New York NYSDOT procedure which was developed based on AASHTO 1993 Guide.
North Dakota Selected from range given in 1993 AASHTO Design Guide
Ohio Group index and atteberg limits are used to estimate CBR. CBR is used to estimate MR.
Oklahoma Resilient Modulus as determined by AASHTO T-307
Pennsylvania CBR
PR A&TA 1993 AASHTO Design Guide
South Carolina The design SSV is based on laboratory CBR testing of the predominant soil types expected on the project and
adjusted by the Geotechnical Materials Engineer to account for the potential variability on a given project.
South Dakota Suggested values from the 1993 guide
Texas Backcalculation of in situ modulus using deflection data.

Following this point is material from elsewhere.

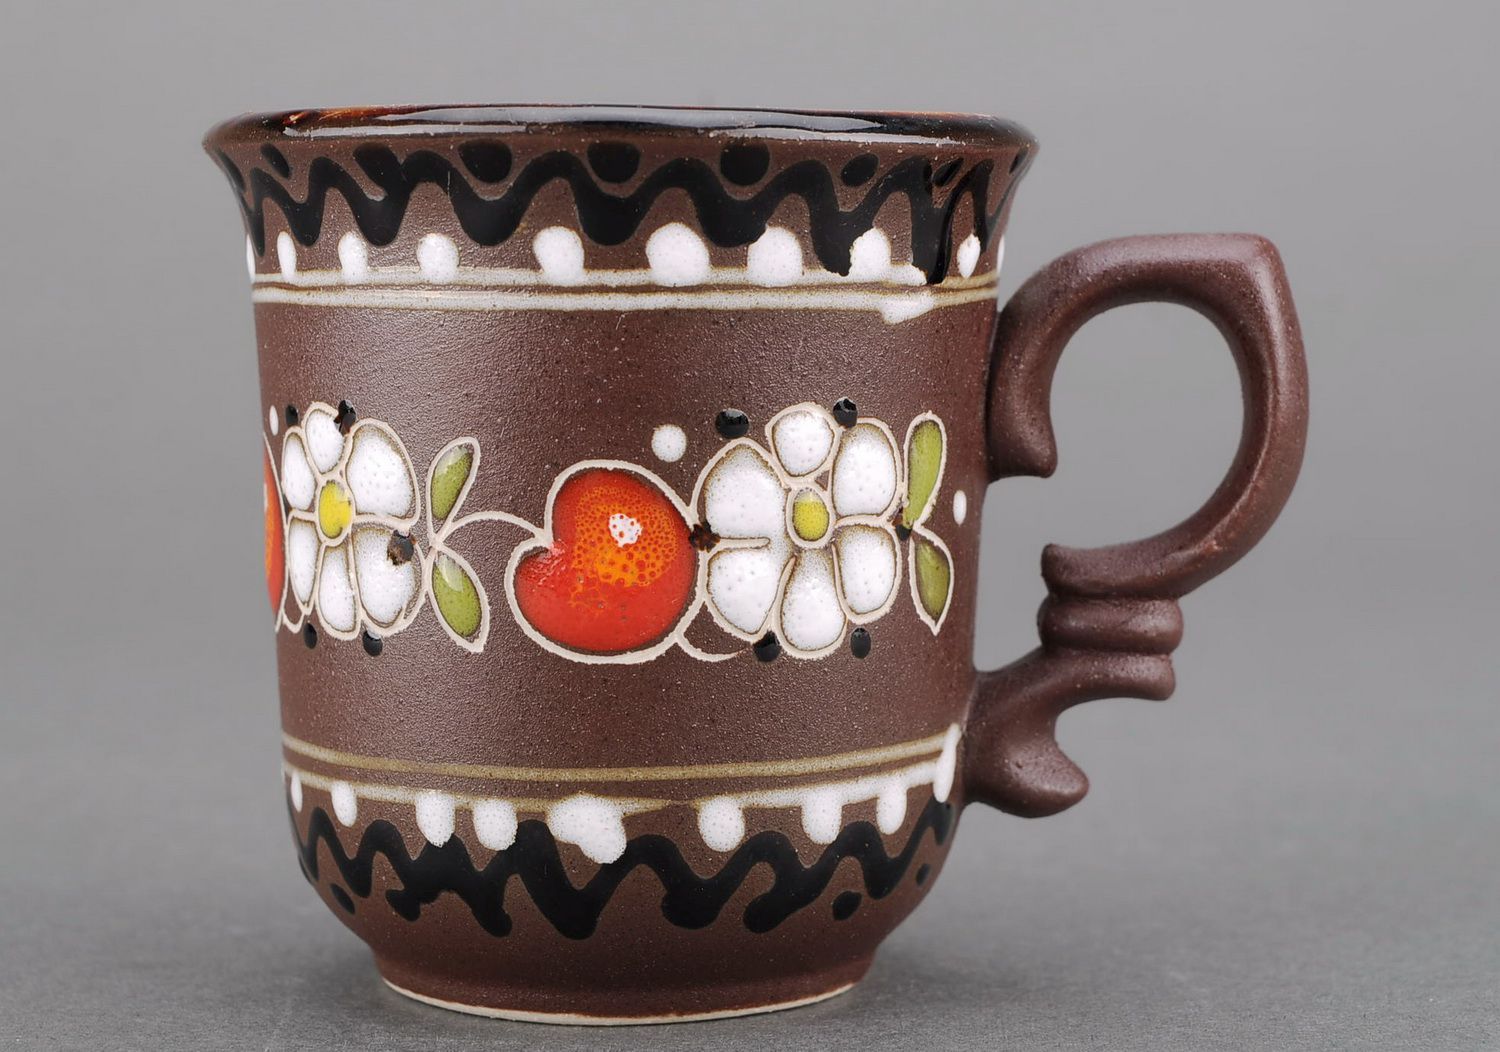 Clay lead-free glazed hand-painted teacup in brown, white, and red color with handle photo 2

Utah Defaults in 1993 guide
Vermont Subgrade, SN = 0
Virginia AASHTO
Q9. Overall, please rate your satisfaction (response should be in terms of design group, not in terms of an individual) with
respect to the use of resilient properties of soils used in the pavement design:
Figure 22 (see chapter two) presents the number of responses for various satisfaction levels derived from the use of
resilient properties in the pavement design. Half of the respondents are satisfied with the use of resilient properties
of subgrades in designing pavements. Twelve respondents expressed satisfaction with respect to the use of resilient
properties of bases for the pavement design.
Q10. If the answer is not satisfied or satisfied but could be improved, please mark the reasons for your responses. Also,
please rank the top three of your choices.
The reasons for being not satisfied with using resilient modulus properties in pavement design are further explored.
These responses are summarized in Figures 23 and 24 (in chapter two) for subgrades and bases, respectively. The
majority of respondents attributed reasons for their dissatisfaction to the complicated laboratory or field test procedures
and complicated correlations required to determine the moduli of both subgrades and unbound bases.